RURAL GOTHIC | Zocalo Public Square • Arizona State University • Smithsonian

Wheat field. Courtesy of Javier/flickr.

Loneliness thick as the fields of wheat. Wheat I walk through
daily, scent of heat and silt. It shimmers in the breeze,
the sun unfurling over the hills. I stand at the edge,
cupping my mouth around someone’s name. A cloud of gnats
makes chaos of the August air.
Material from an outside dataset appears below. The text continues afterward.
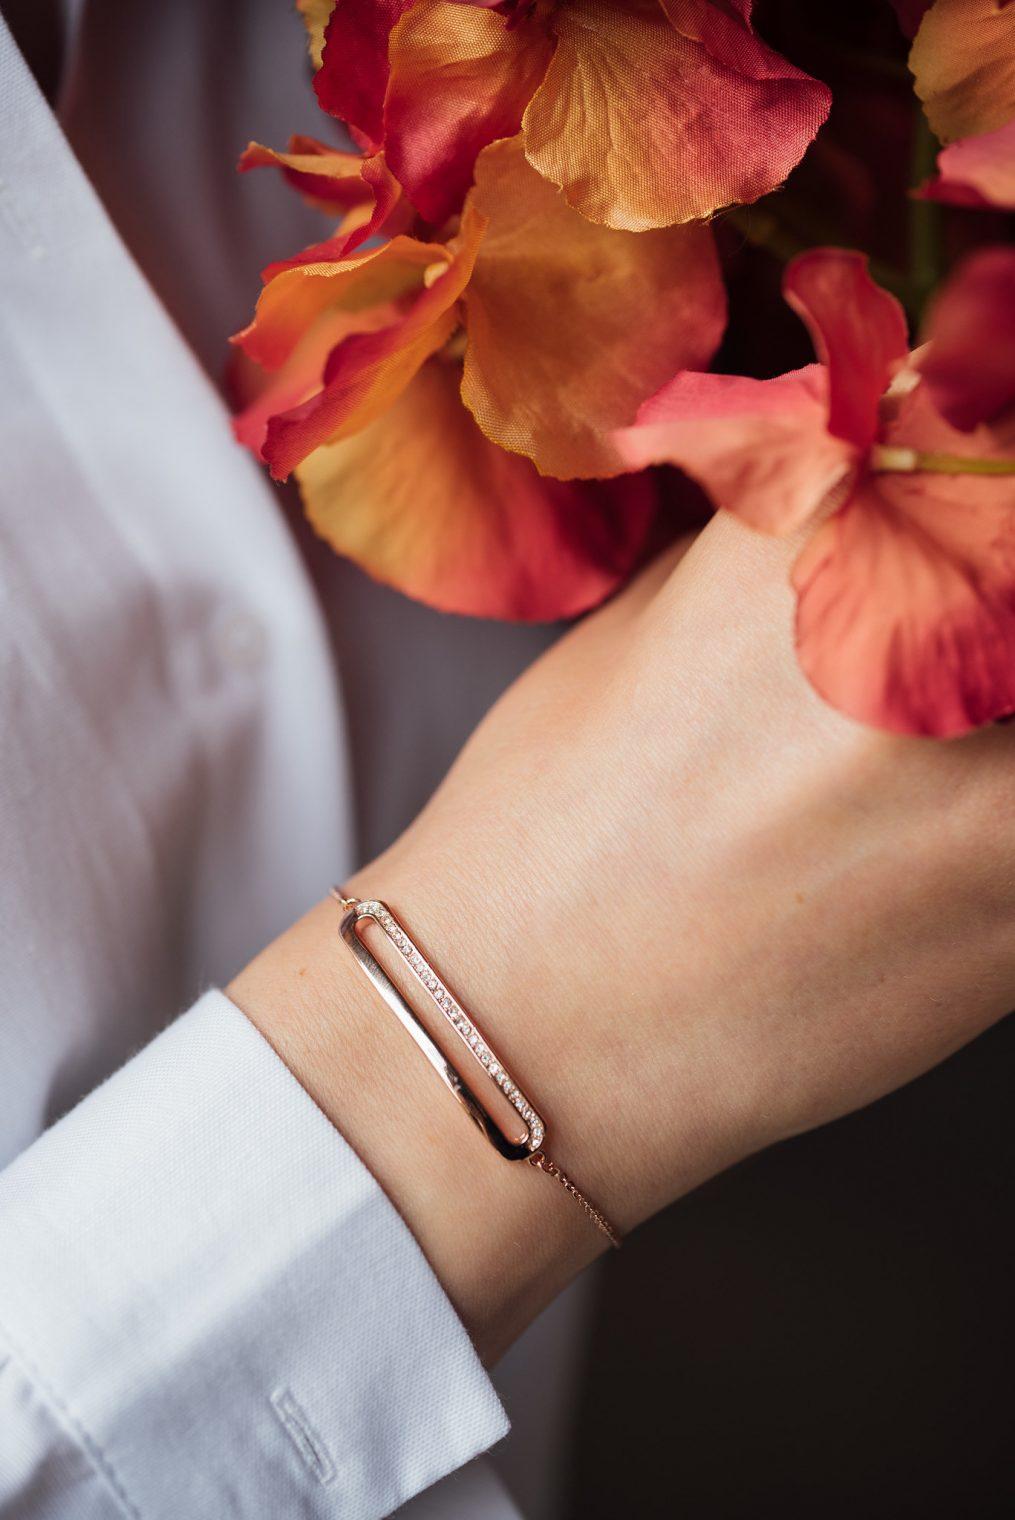 Kaytie Wu rose gold bracelet with Swarovski crystals
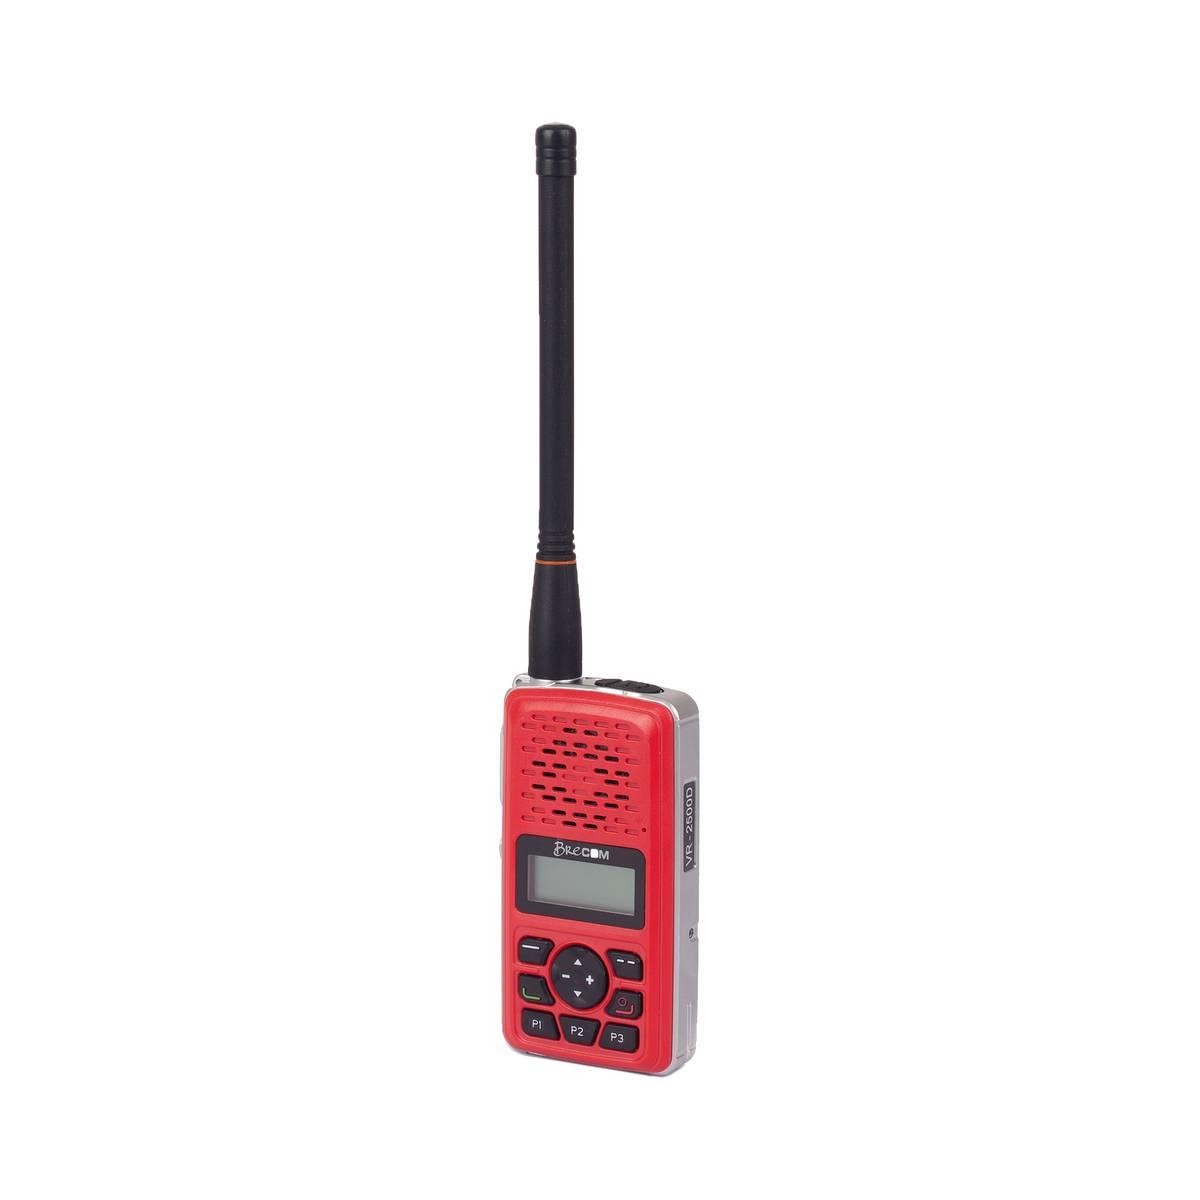 10002500- -Brecom VR-2500 analog/digital radio DMR 138-174Mhz

We need a word for this:
feeling far from home when you’re right there.
And what is to miss but a catch in the throat, the scent
of spoiled fruit, the highway beckoning like larksong. The fall
from the oak that fractured my arm. Once, out walking, 
I found the grass scattered with lamb bones, picked clean 
and bleached white, the ribcage curved like a ship’s hull.
I want to learn to be open like the lake, to wet the freckle
on someone’s jaw. I want to be wilderness, the sound of my shoes
trampling weeds and sprigs of straw. Scent of earth and wheat.
Crows lounge on telephone wires. I lick the sweat
from my upper lip. I’ll call it salt. Something snaps underfoot.
A field mouse’s skull. I’ll call it rock, not bone.

Despy Boutris teaches at the University of Houston and serves as editor-in-chief of The West Review. Her writing has been published or is forthcoming in Copper Nickel, Ploughshares, Crazyhorse, American Poetry Review, AGNI, and elsewhere.